> **RECORDS TO PROCESS**:
════

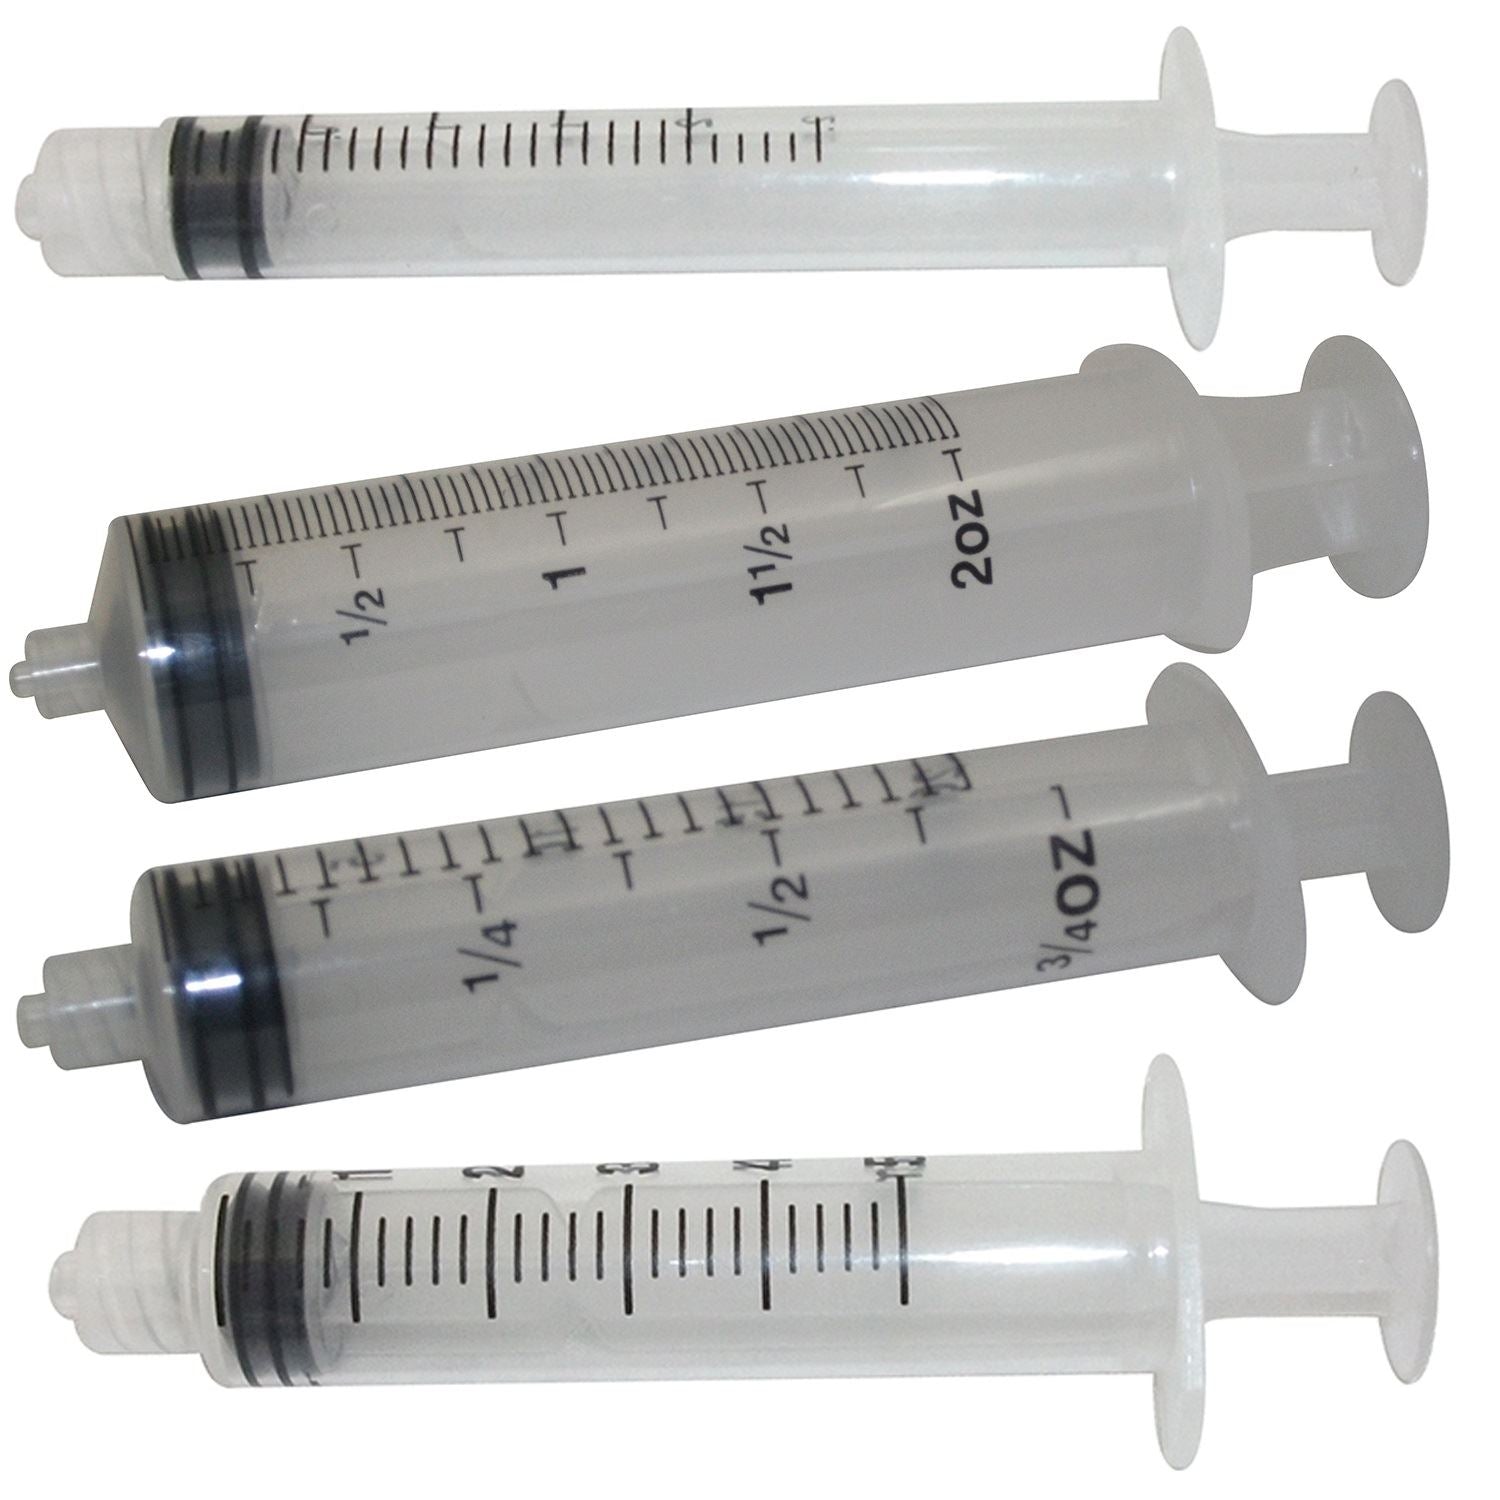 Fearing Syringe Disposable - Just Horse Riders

════

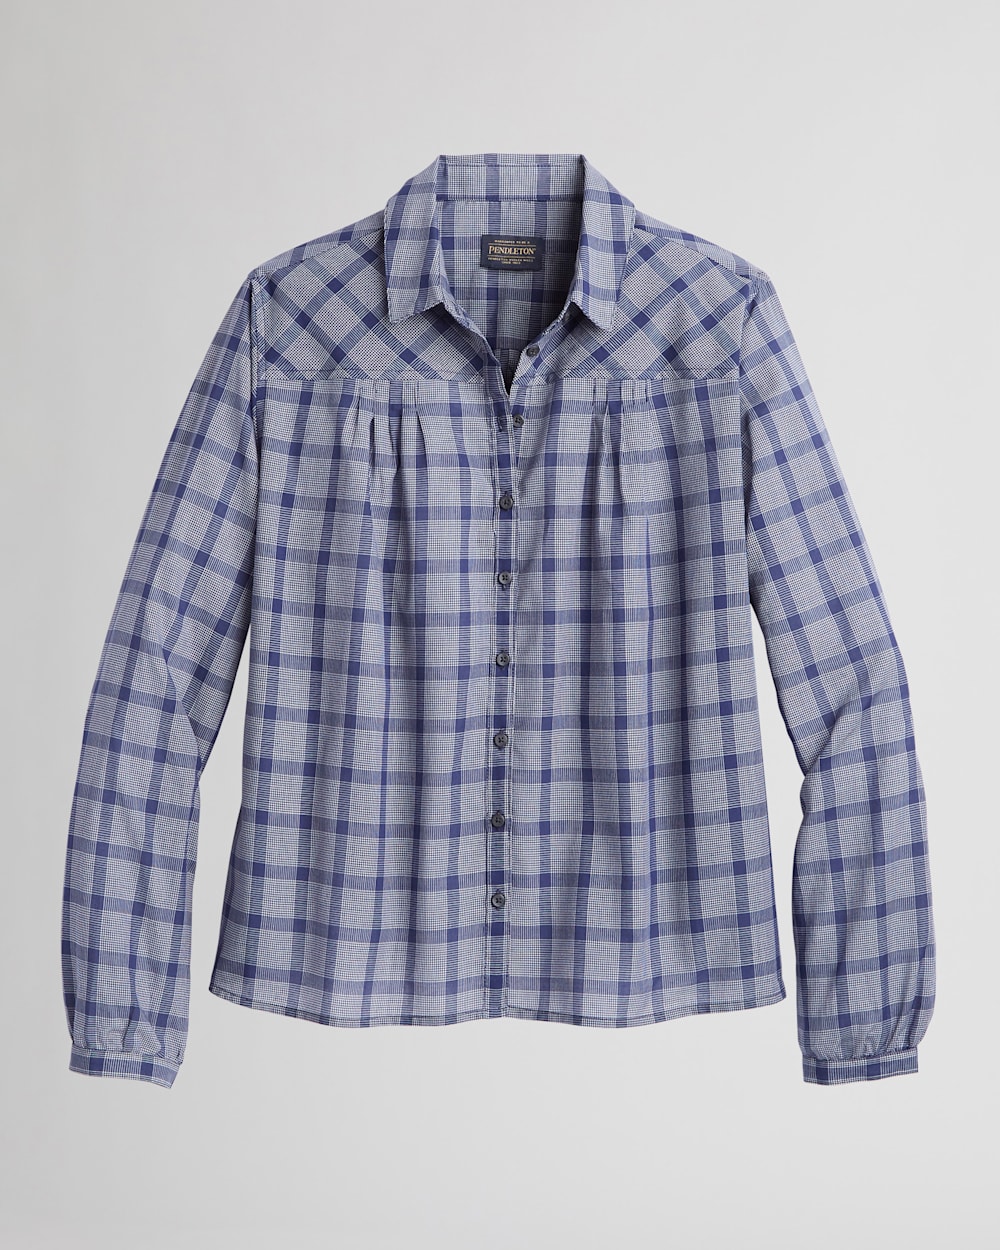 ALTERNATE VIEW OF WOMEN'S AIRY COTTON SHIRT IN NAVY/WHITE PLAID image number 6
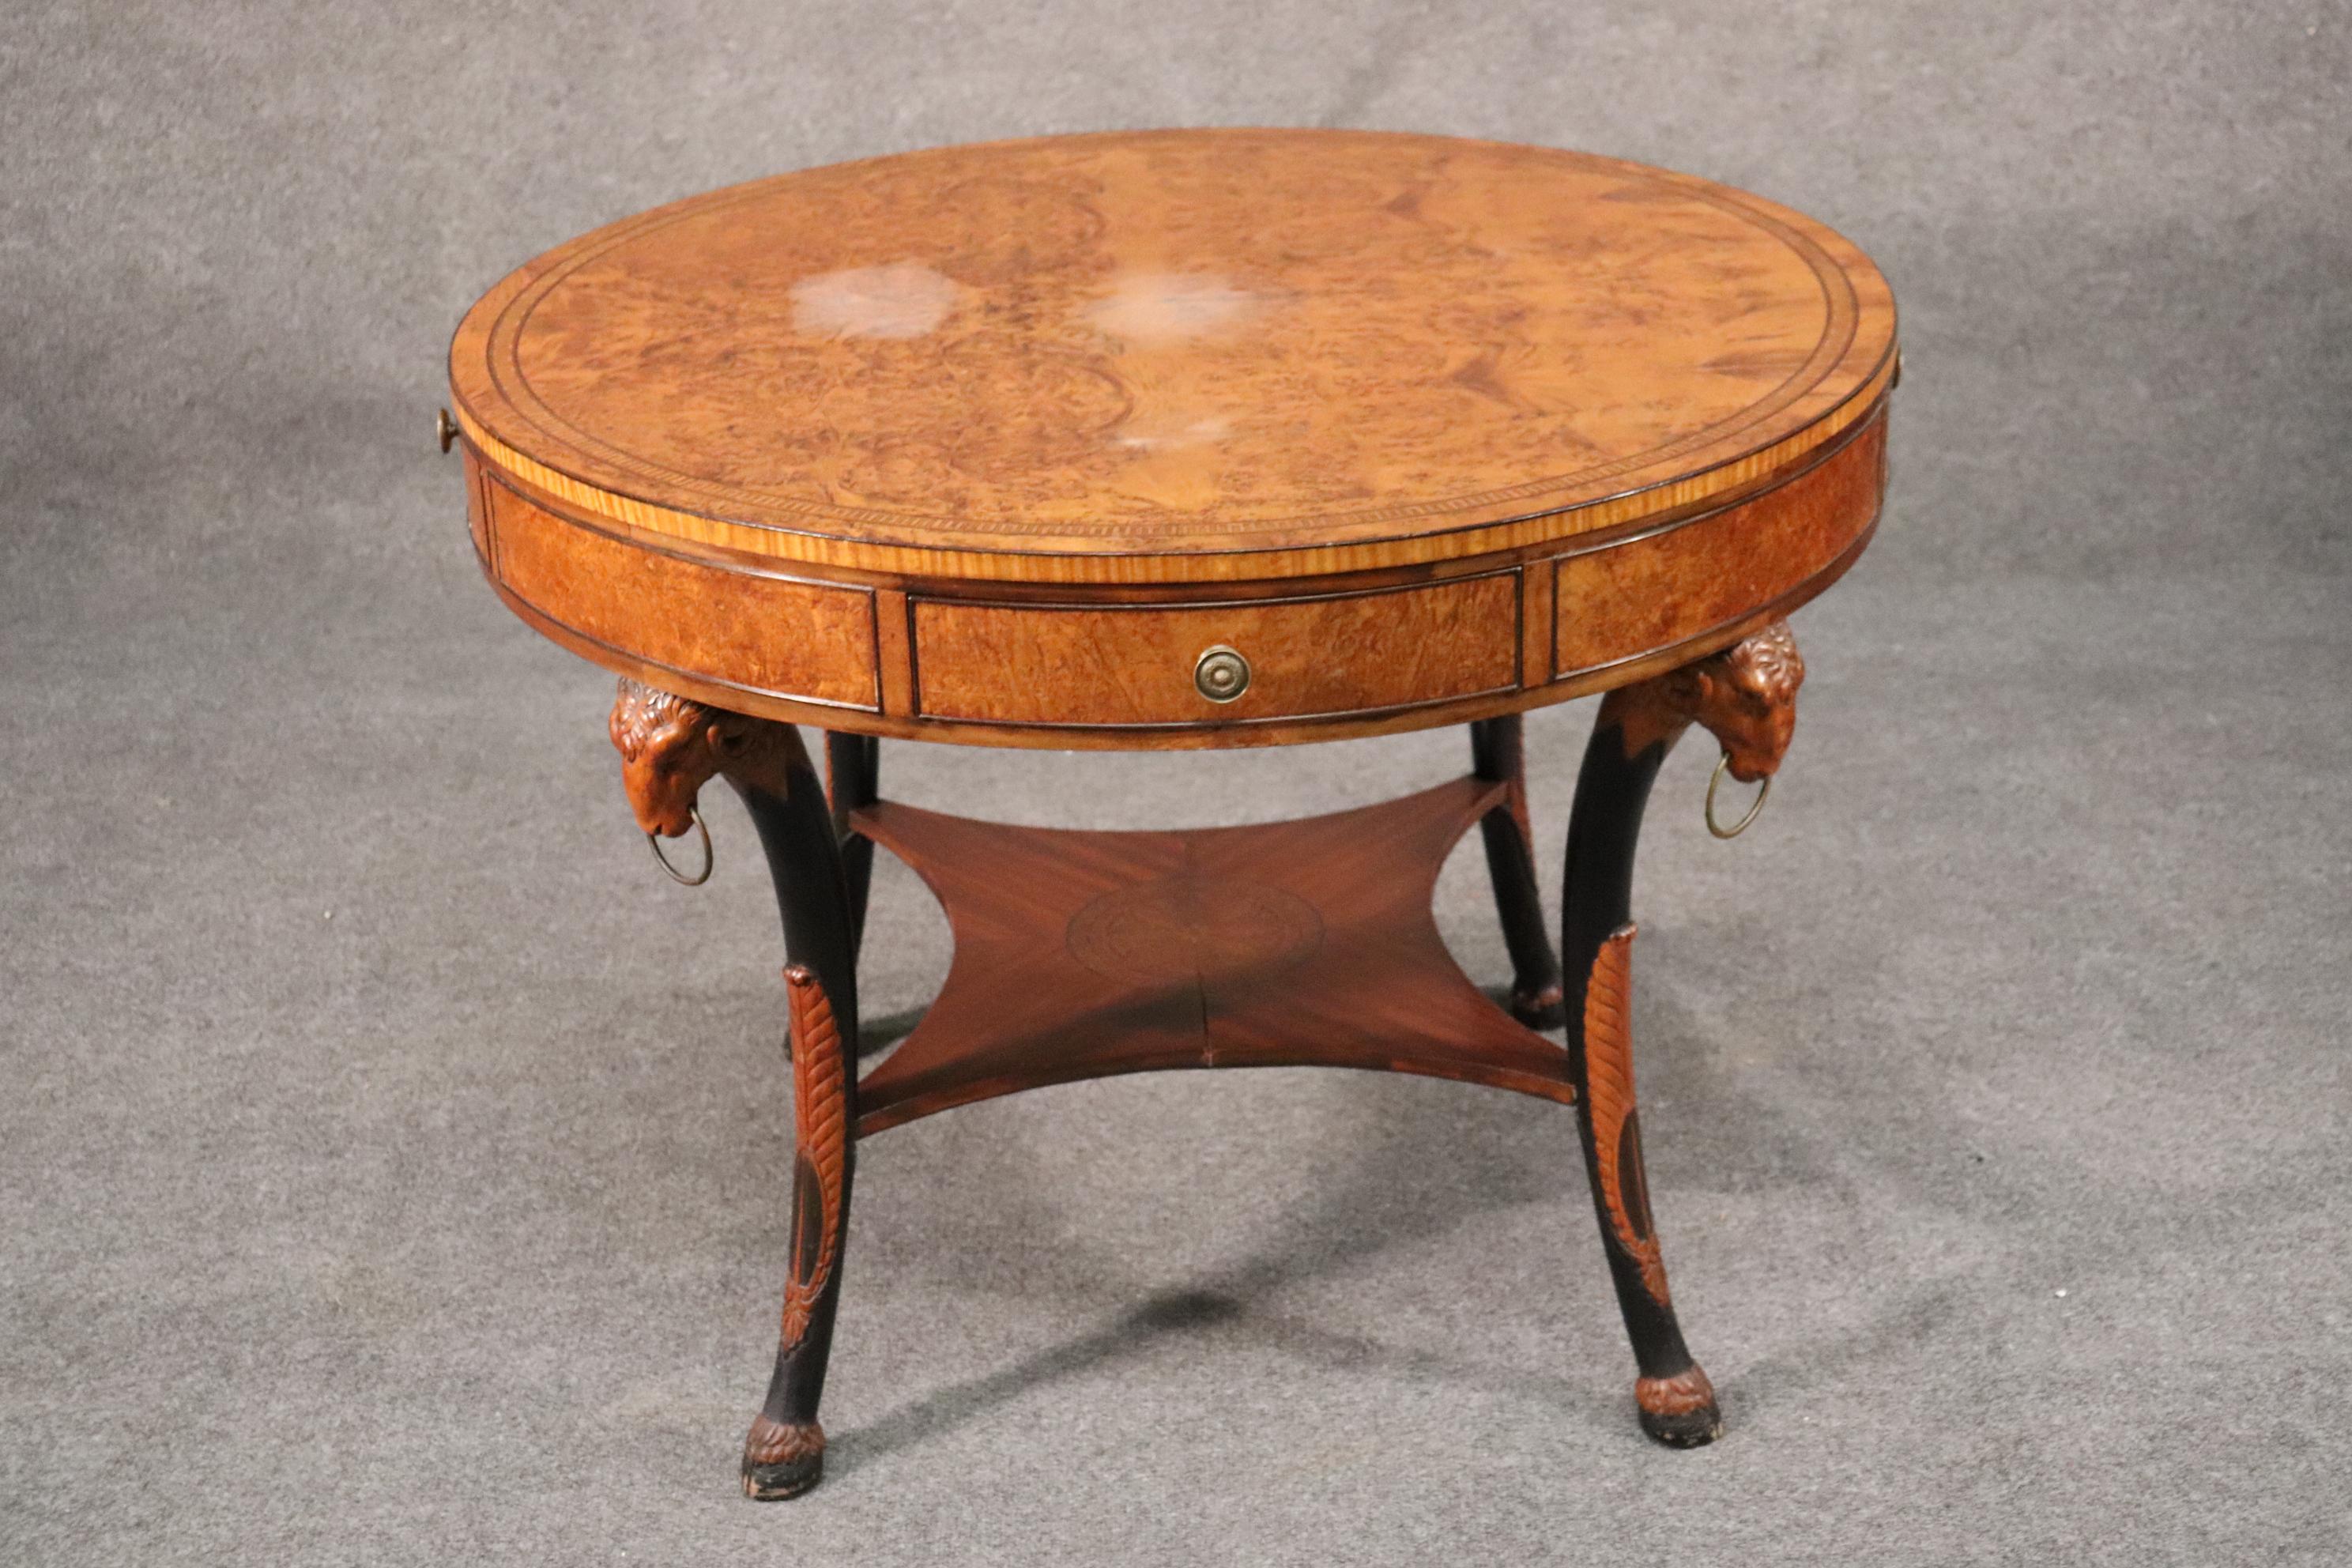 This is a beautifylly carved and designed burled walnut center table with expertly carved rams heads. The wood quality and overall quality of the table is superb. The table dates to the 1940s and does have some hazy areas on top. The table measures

════

> **TASK TO CARRY OUT**:
Both the line above containing "ALTERNATE VIEW OF" and the line containing "This is a beautifylly" belong in the copy, along with every line between them; print these exactly and omit the pictures.

> **ANSWER**:
 ALTERNATE VIEW OF WOMEN'S AIRY COTTON SHIRT IN NAVY/WHITE PLAID image number 6
 This is a beautifylly carved and designed burled walnut center table with expertly carved rams heads. The wood quality and overall quality of the table is superb. The table dates to the 1940s and does have some hazy areas on top. The table measures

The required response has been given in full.